Soltar carga es uno de los aprendizajes. Podría decir que, este aprendizaje, se extiende a muchas mujeres. Como refleja, por ejemplo, Isabel Banal i Xifré en su proyecto: “ –algunes- dones carregades” (2013) Isabel Banal_dones carregades_2013.

Yo sólo puedo intervenir en lo que yo hago, en mis decisiones, en expresar lo que yo siento. Lo que haga el resto, es decisión suya. Si yo cambio algo, el entorno cambia. Si una pieza del sistema se mueve, el sistema se modifica.

Las tareas del hogar y el cuidado tienen un gran valor para el sostenimiento de la vida. Es algo de lo que actualmente se habla mucho, desde la razón, y que todavía no hemos conseguido aterrizar en los cuerpos.

La conexión de las mujeres con el hogar, desde lo más simbólico (nutren el fuego del hogar), hasta el sostenimiento práctico del mismo, está todavía muy presente. Los hombres, en mi entorno, se van incorporado a la reproducción del hogar, práctica-racional. El simbolismo y las emociones que conectan hogar-mujeres (como representaciones en imaginario colectivo) pienso, todavía están activas. Y en esa conexión emocional hay muchos nudos que se expresan, en mi cuerpo. Nudos que responden a una carga negativa de esa conexión, no al reconocimiento y valorización de lo que esto trae consigo.

El que hay que limpiar el baño es un saber extendido. El que hay personas que les gusta limpiar y a otras que no es algo que entra dentro de lo esperado dentro de la variabilidad humana. El que las mujeres se hacen cargo mayormente de las tareas domésticas, ha quedado ya demostrado estadísticamente (“desde la mayor racionalidad posible”) http://www.inmujer.gob.es/estadisticas/consulta.do?area=6.

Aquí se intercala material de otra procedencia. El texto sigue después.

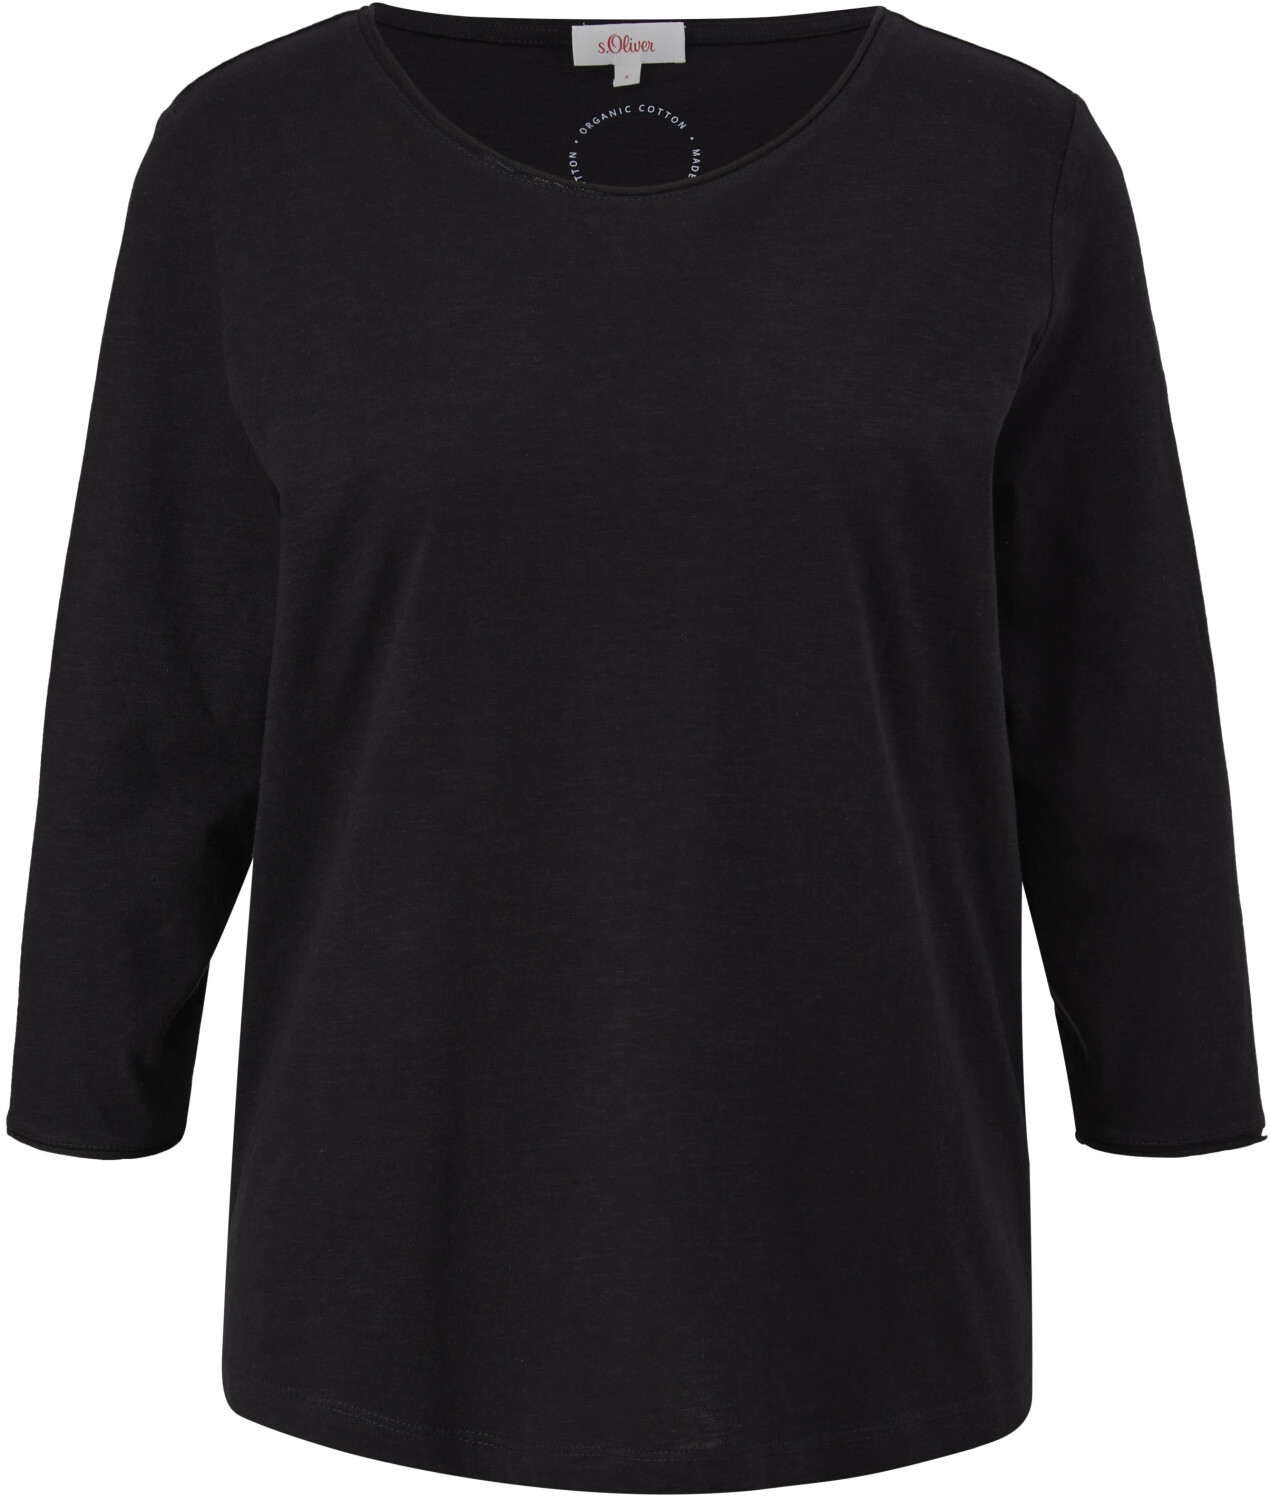 S.Oliver T-Shirt aus Baumwolle (2112026.9999) schwarz ab 9,99 € |  Preisvergleich bei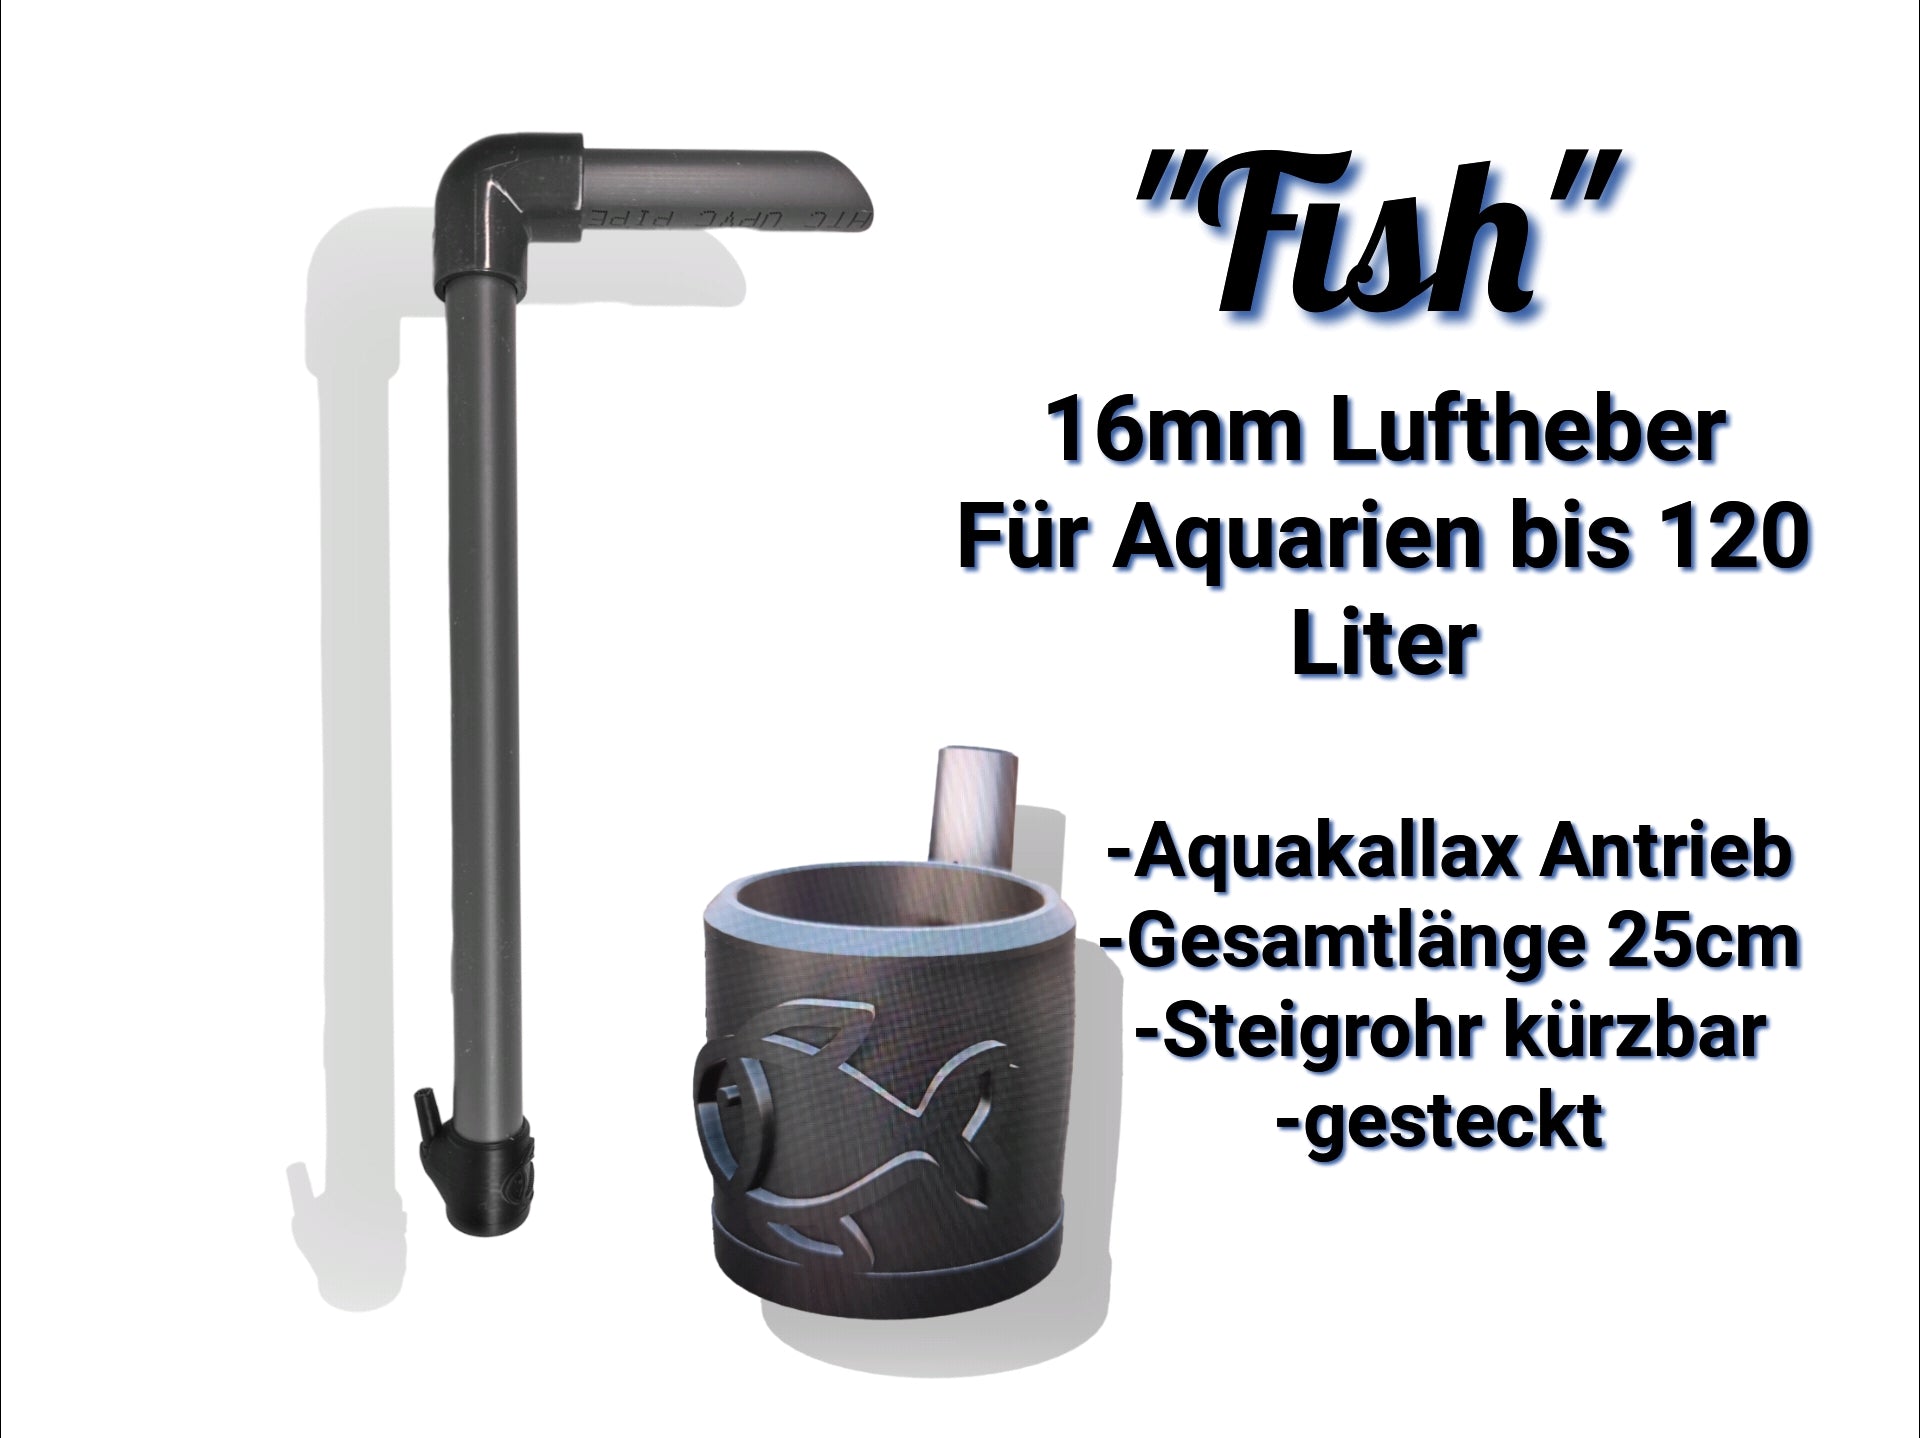 Der Aquakallax Luftheber mit 16mm "Fish" Antriebsteil. Für Aquarien bis 120 Liter geeignet. Gesamtlänge 25cm, kürzbares Steigrohr, gesteckte Version

Quiero intercambios y diálogo, no luchas, no se trata del nosotras y los otros. No quiero más dicotomías. Hemos estudiado mucho y lo seguimos haciendo, sobre la igualdad y las diferencias, sobre las construcciones y las deconstrucciones, sobre el patriarcado y la colonización, ese conocimiento nos ayuda a ser más libres.

Ahora vamos a lo cotidiano, vamos a nuestros cuerpos, a nuestros sentires.

¿Quién limpia el baño?¿Quién sabe la comida que hay en la despensa?¿Quién sabe lo que vamos a comer hoy? ¿Quién cuida de tu alimentación?¿Quién cambia el rollo de papel del váter cuando se acaba?¿Quién te abraza cuando te derrumbas?¿Quién te da las gracias por la comida que preparas?¿Quién mantiene un ambiente tranquilo y limpio para que trabajes?¿Quién se ríe de tus errores?¿Quién sostiene tu autoestima?¿Quién valora todo lo que haces?¿Quién prepara la comida para llevar a las fiestas?¿Quién te quiere?

¿A quién cedemos nuestro poder?¿A qué cedemos nuestro poder?

Quizás, cuando lo podamos hacer para nosotrxs, podremos hacerlo también por lxs demás. Aquí todas las personas tendremos que aprender algo. Algunas personas tendrán que limpiar el váter, otras tendrán que cuidar su autoestima, otras abrazarse y quererse a sí mismas.

Yo quiero dejar del limpiar el baño y que el baño esté limpio. Sin que otra persona intervenga, ¿es posible?